SOURCE MATERIAL –
■ ■ ■ ■ ■

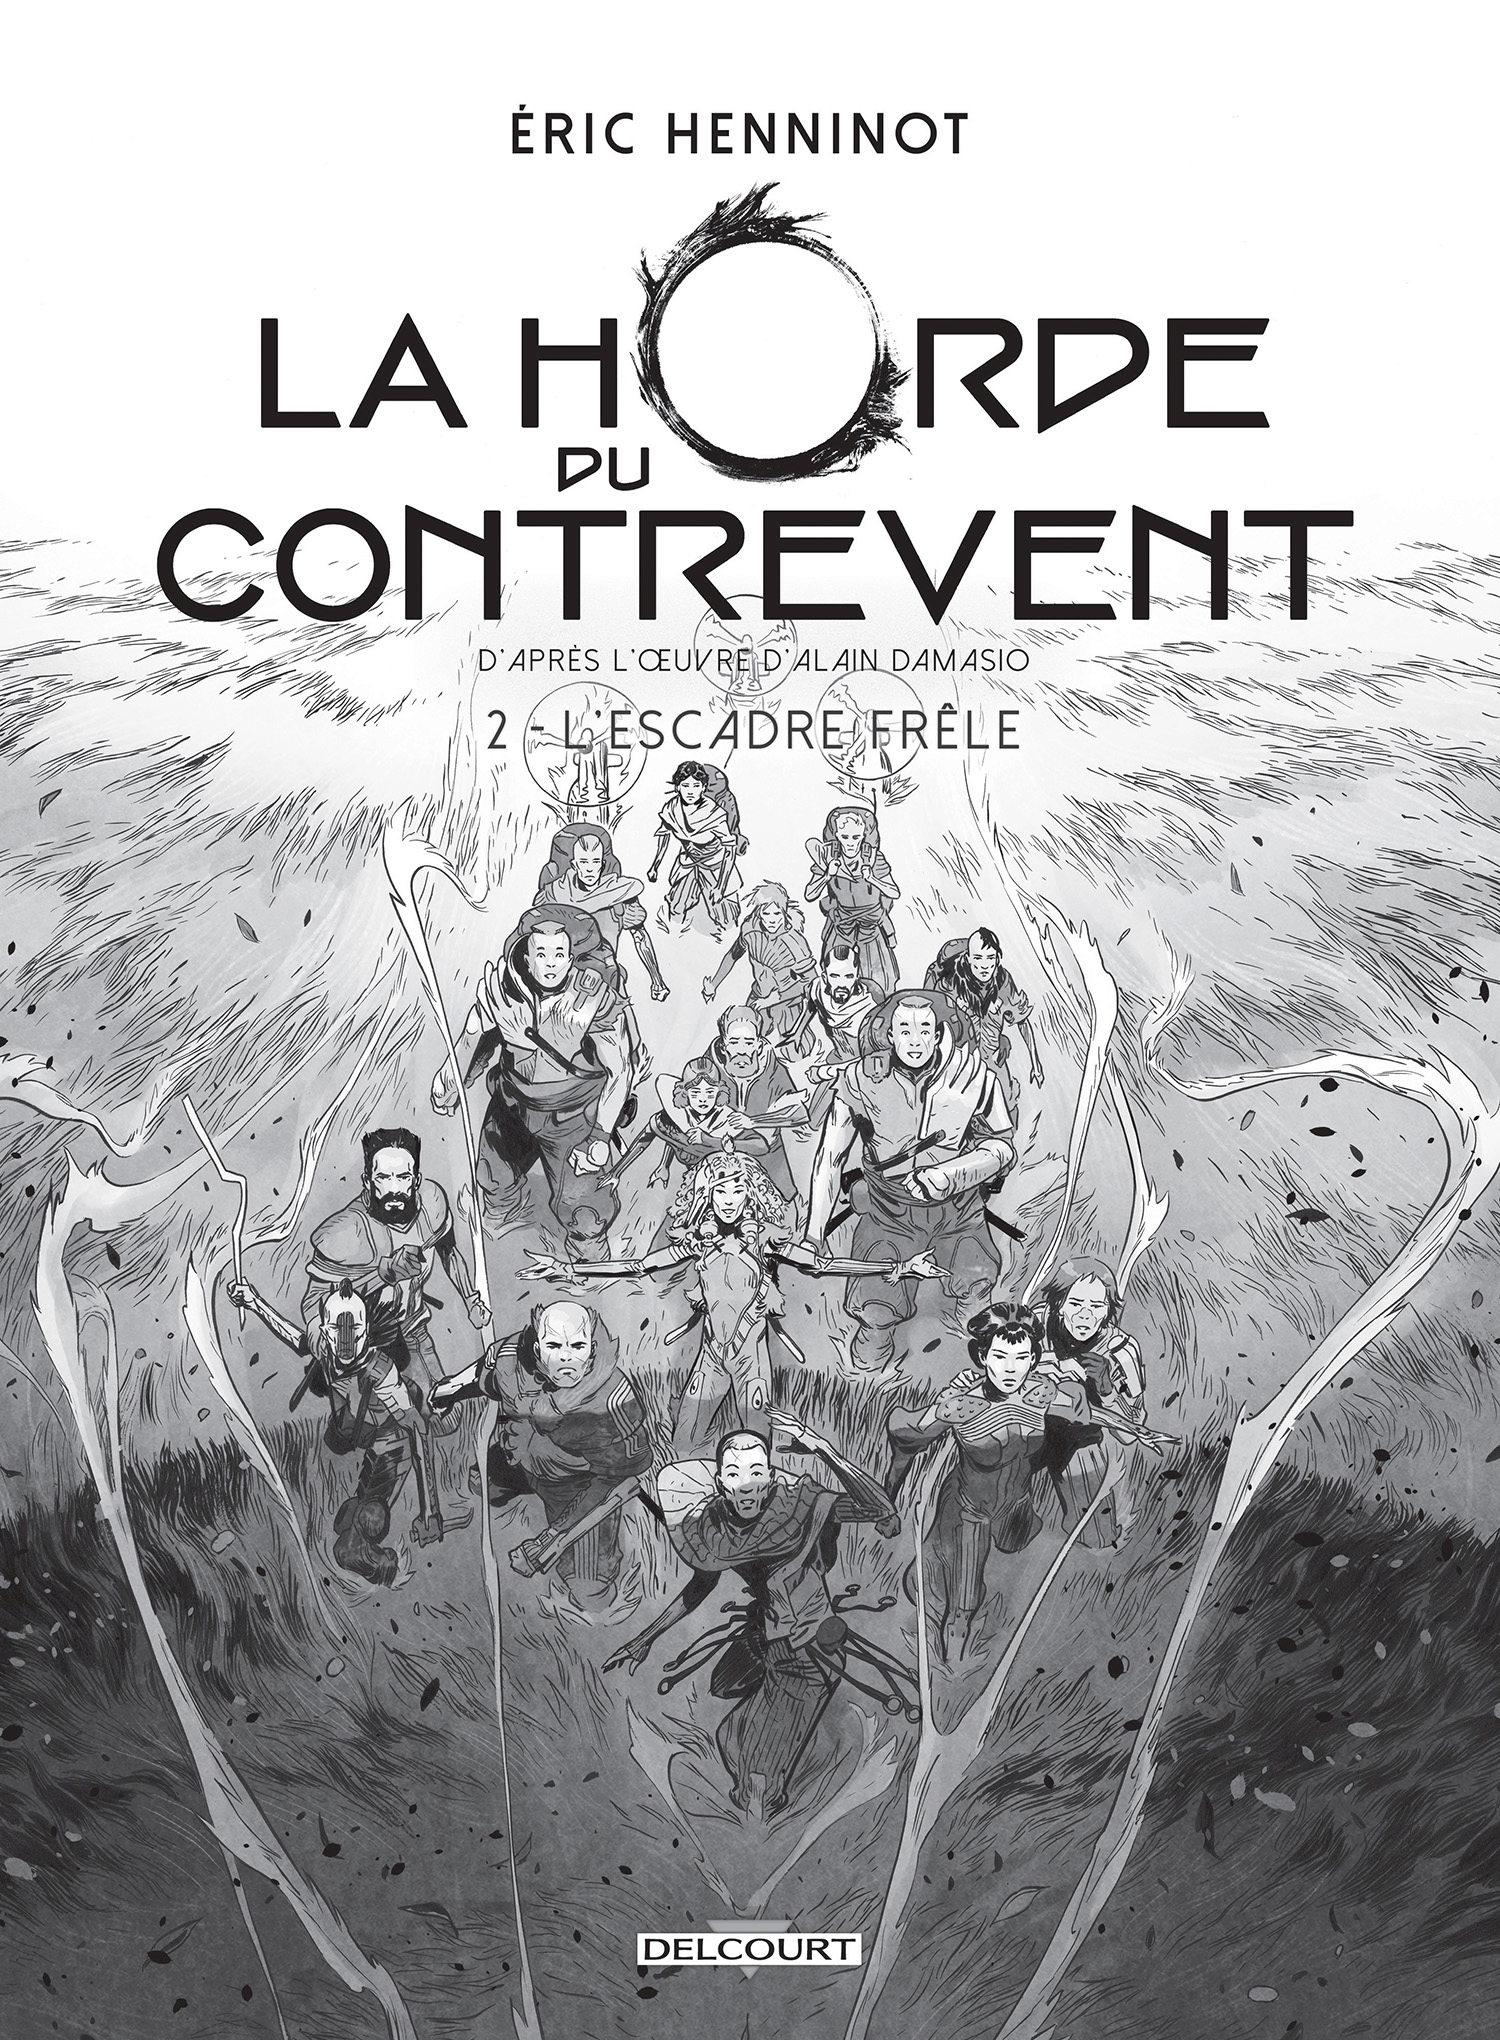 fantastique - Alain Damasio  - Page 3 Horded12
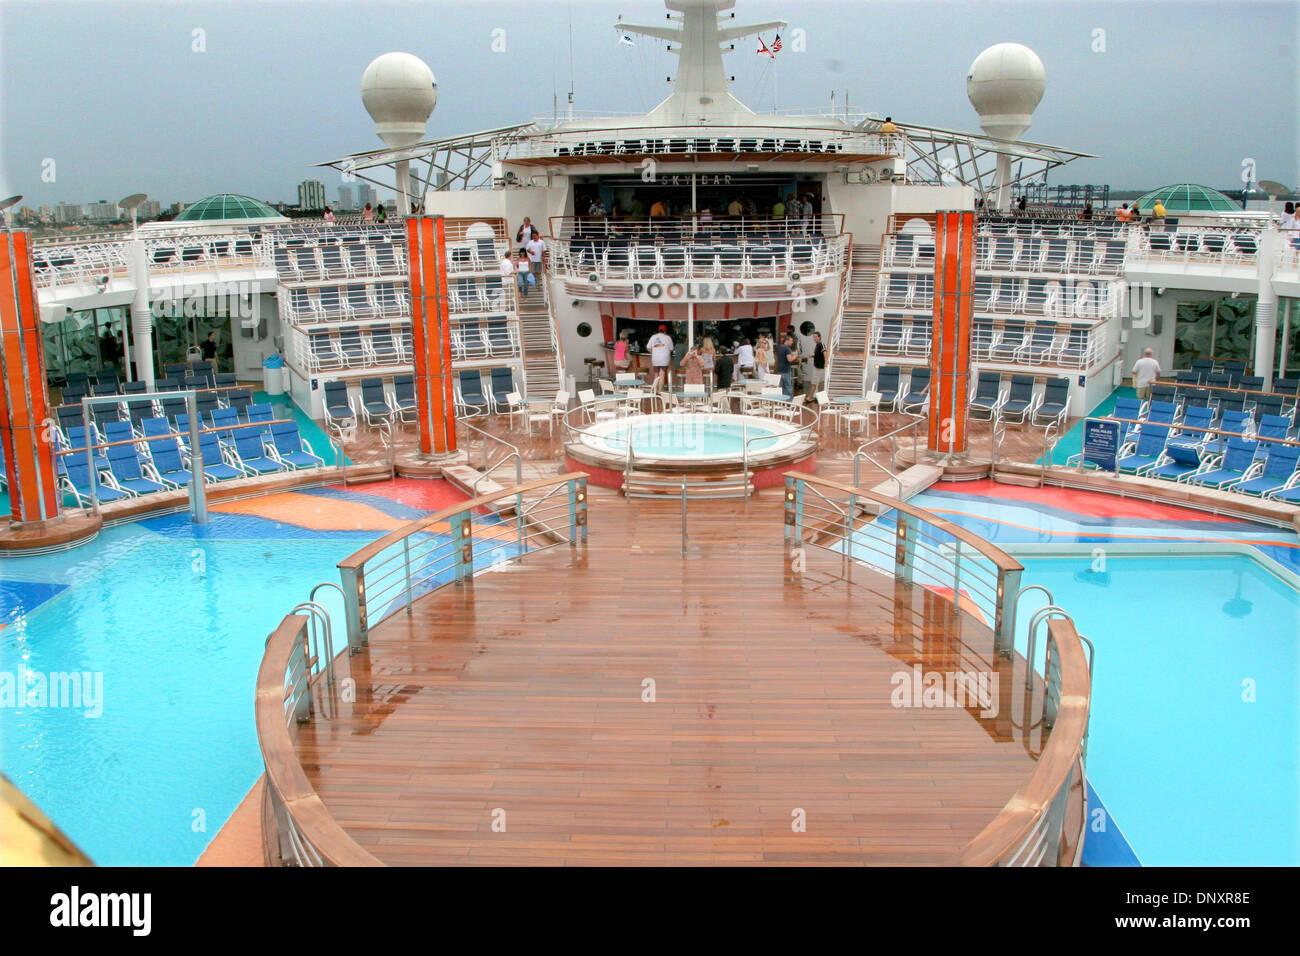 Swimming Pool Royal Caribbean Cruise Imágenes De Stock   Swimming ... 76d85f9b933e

■ ■ ■ ■ ■

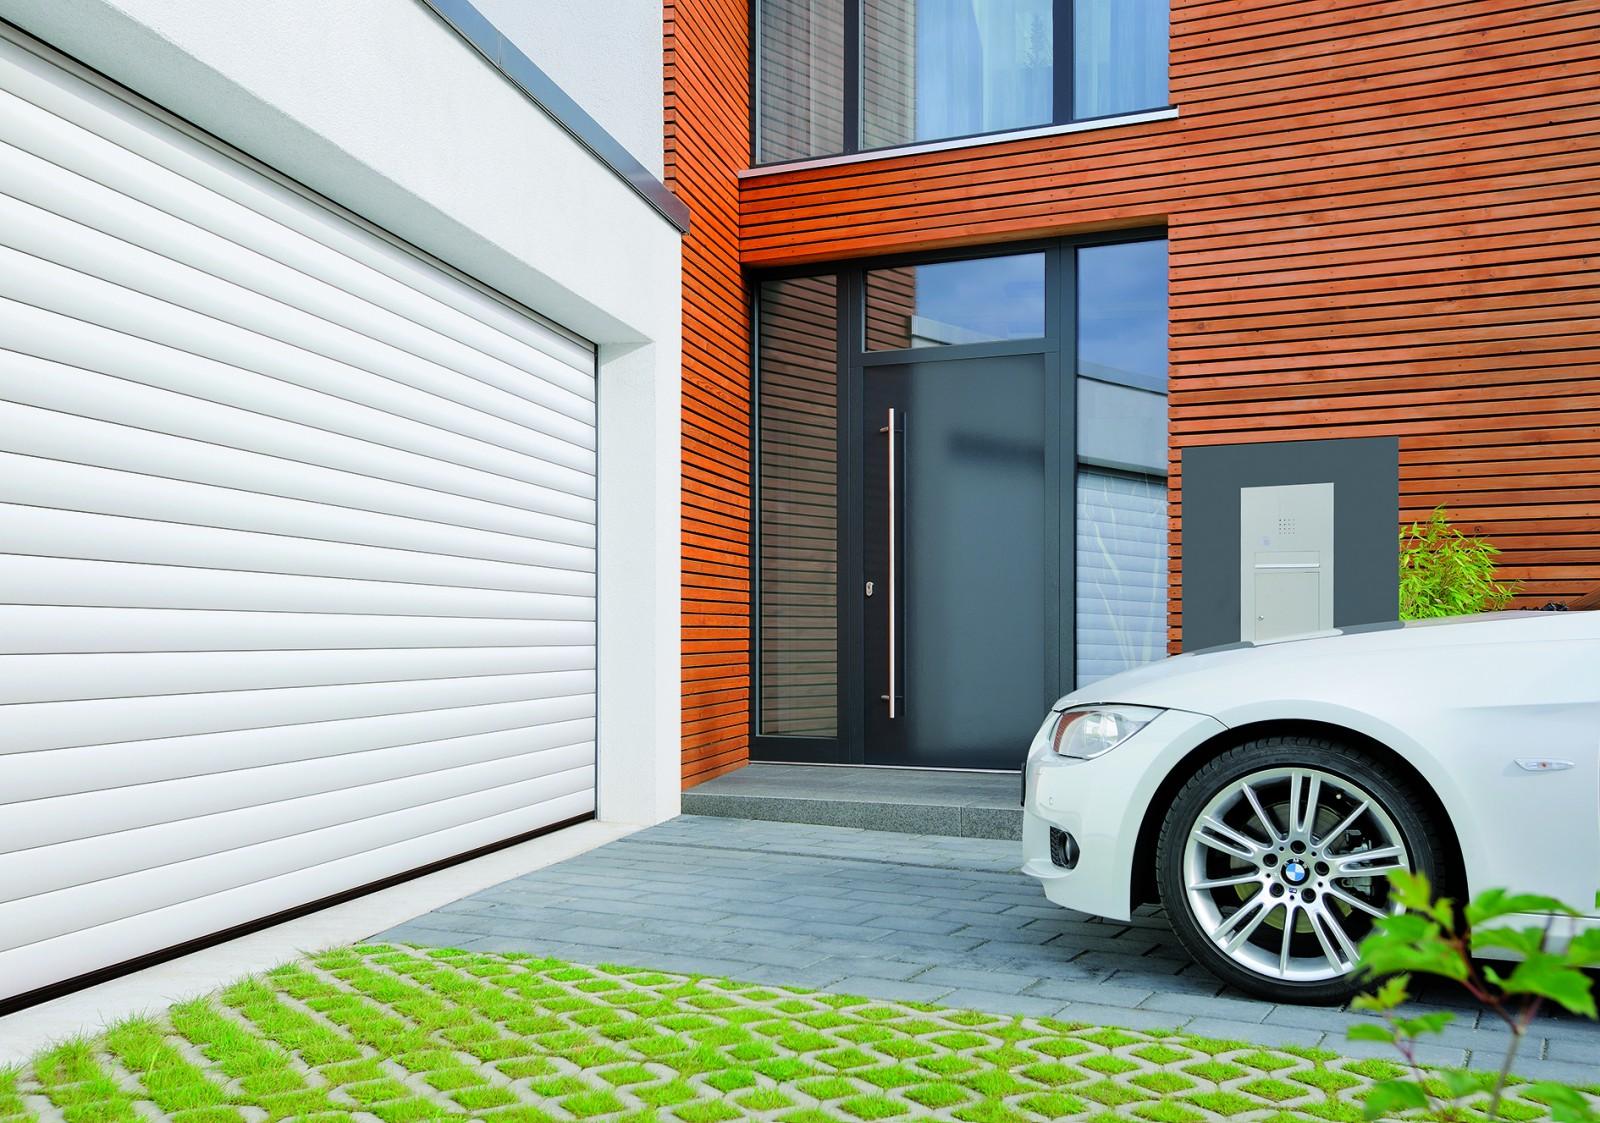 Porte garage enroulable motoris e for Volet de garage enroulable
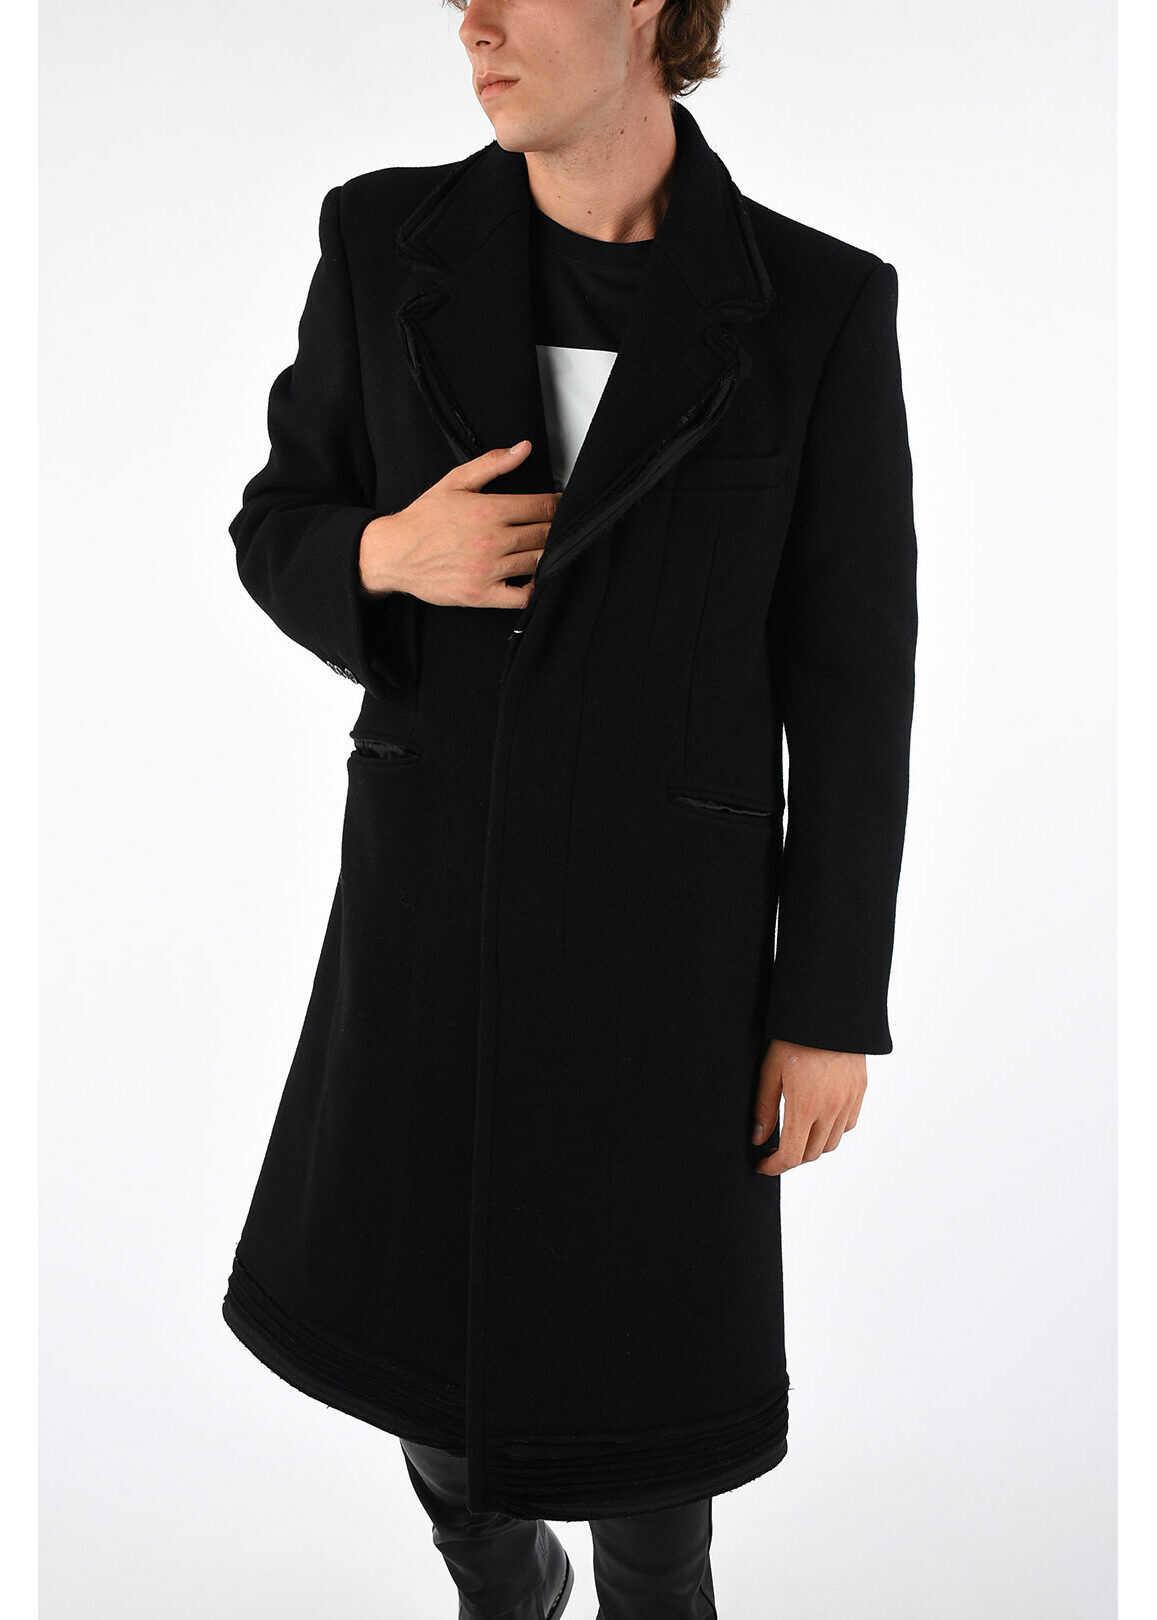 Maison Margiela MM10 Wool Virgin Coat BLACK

■ ■ ■ ■ ■

EXERCISE –
Transcribe exactly the lines above, beginning at the one with "fantastique - Alain" and going up to and including the one with "Swimming Pool Royal". Pictures do not belong in the copy.

RESULT FOR THIS EXERCISE –
 fantastique - Alain Damasio  - Page 3 Horded12
 Swimming Pool Royal Caribbean Cruise Imágenes De Stock   Swimming ... 76d85f9b933e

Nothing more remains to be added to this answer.